В остальное же время, когда не ели, мои соседи молча лежали по койкам – спали или слушали радио.
Я должен сказать главное: я симулянт, скрываюсь в урологическом отделении больницы от призыва в армию, симулируя мочекаменную болезнь.
Я прячусь здесь десятый день, а притворяюсь который месяц. Мне приходилось изображать почечную колику дома, в поликлинике и приемном покое больницы, бледному лежать на диване, стиснув зубы и обливаясь потом. Мне надо было делать вид, будто глотаю таблетки, держать их за щекой и, выплюнув в клозете, докладывать потом о переменах в здоровье.
Мне надо было сдавать десятки поддельных анализов и часами беседовать с врачами, которые норовили огорошить непонятным вопросом.

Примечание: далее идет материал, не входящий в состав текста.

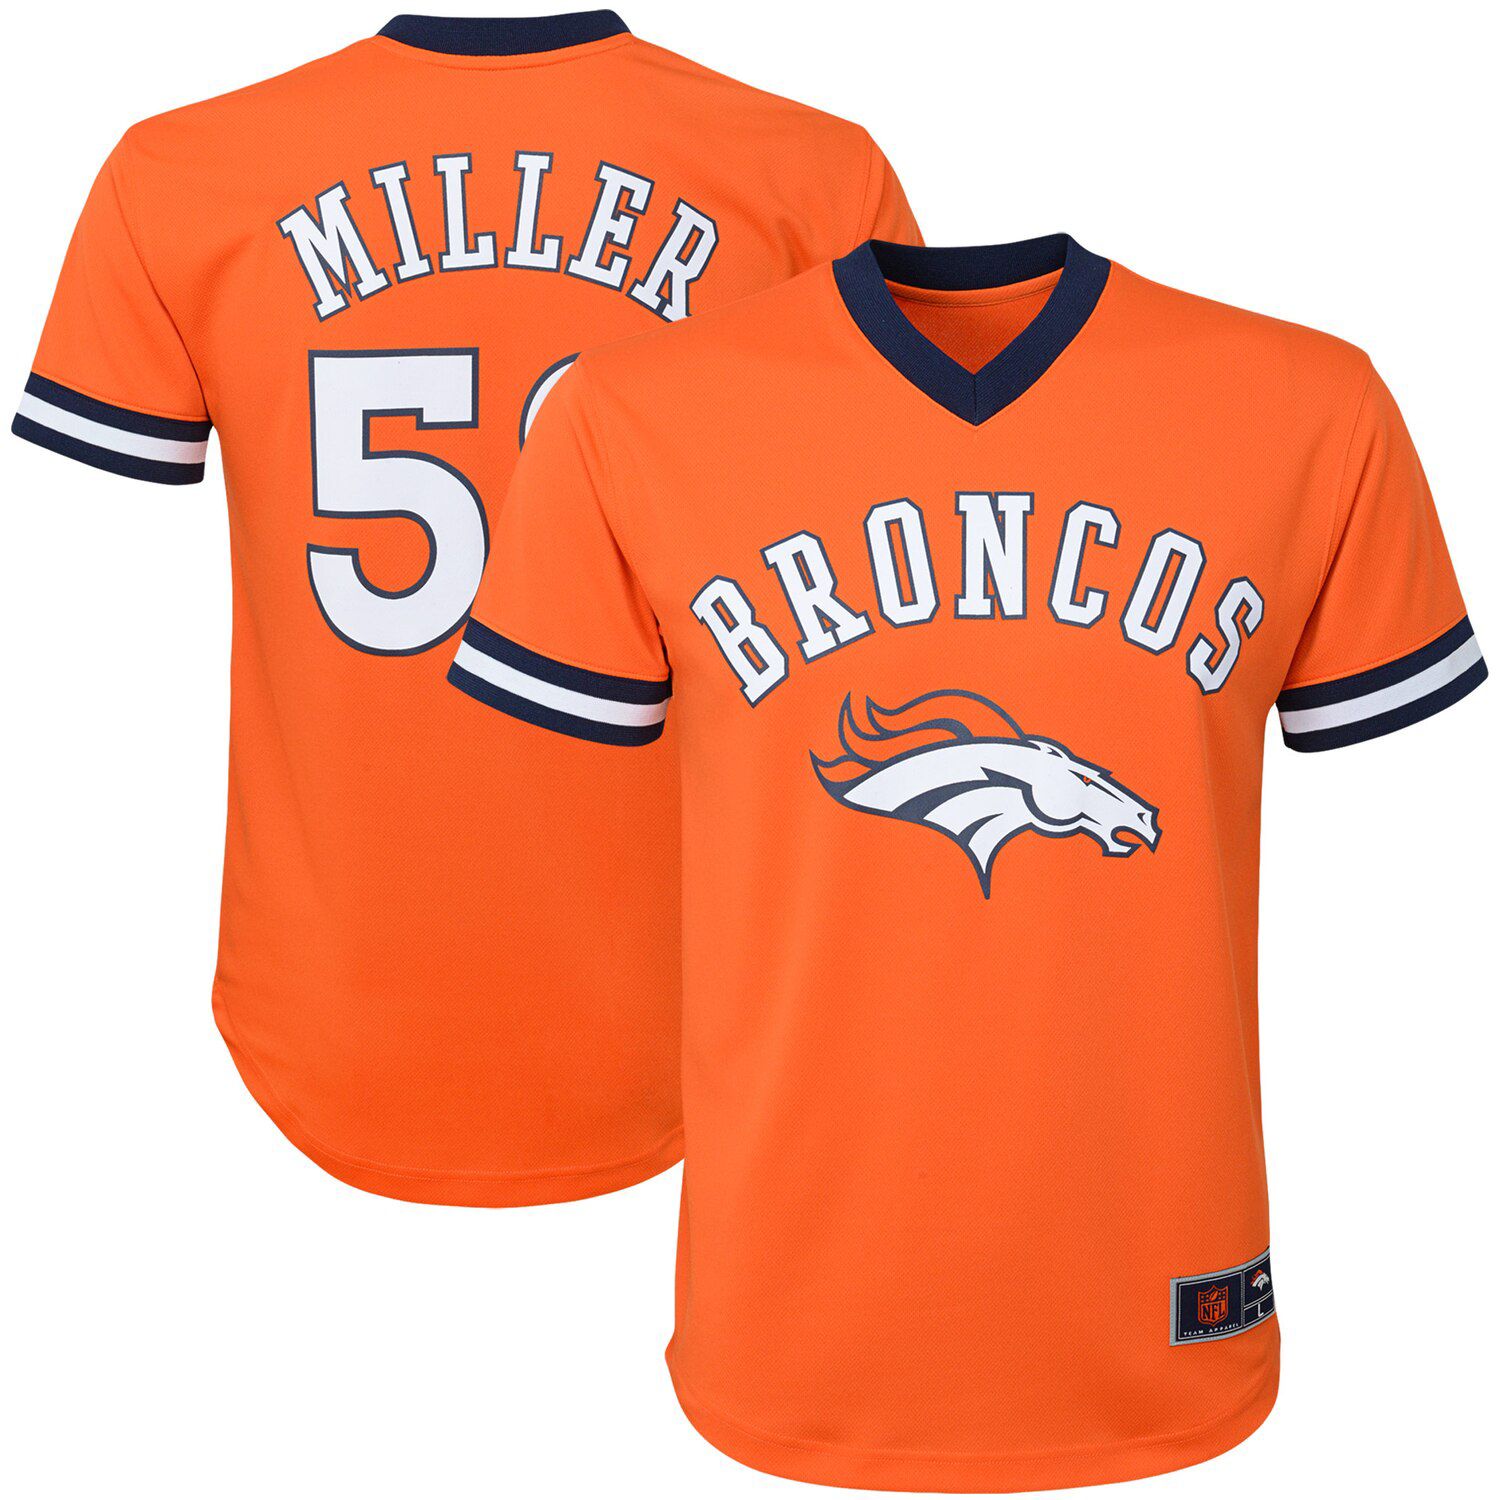 von miller orange broncos jersey

Я чувствовал себя загнанным. Мне надоела бурая войлочная пижама и казенное белье с неотстиранными желтыми пятнами. Мне осточертела вонючая палата, уколы, душная подушка, набитая поролоном, обходы врачей, соседи.
Они-то были заодно. Хоть и молчали, а находили общий язык.
Я их сторонился; между нами что-то стояло. Мое вранье.
У меня было много оснований не служить в армии, пожалуй, не хватало только болезни, все остальные были налицо. Я просто не мог себе позволить чему-нибудь такому служить.
Я боялся, что меня поймают, что уже не выберусь, меня закрутило: военкомат, врачи, больница, проверки.
Соседи стали делить курицу, разложив на постели газету.
– Угощайся.
– Нет, спасибо.
Не хотелось есть в палате – пахло мочой. Но дело даже не в этом. Я чувствовал, что после братания курицей начнется дружеский разговор, когда от скуки выворачивают душу. Не люблю.
Я отвернулся и стал глядеть в окно. Небо было серое, по нему носились черные рваные облака, они смешивались с дымом из труб дальних корпусов больницы. Говорили, что дальние трубы – это крематорий.
Я вышел в коридор; подходило время сдавать анализы. Не буду рассказывать всего – слишком долго; в заурядном анализе требуется лишь немного крови. Английская булавка всегда была заколота в рукав, но продырявить себе палец на глазах медперсонала не всегда удается.
Легче сдавать ночные анализы: сестры урологического отделения компенсировали безвозмездный дневной уход за мужскими половыми органами в полночных бдениях с полюбившимися больными. Вздохи и повизгивания из перевязочной мешались со стонами прооперированных из соседней реанимационной палаты.
Днем же сестры были строги, я не мог выдавить из себя ни капли мочи под их взыскующим взглядом, нацеленным в промежность.
Коридор был полутемный, с дребезжащими люминесцентными лампами под потолком. Из палат несло аммиаком, из кабинета заведующего слышались обрывки разговора, и я старался поймать хоть слово – вдруг обо мне.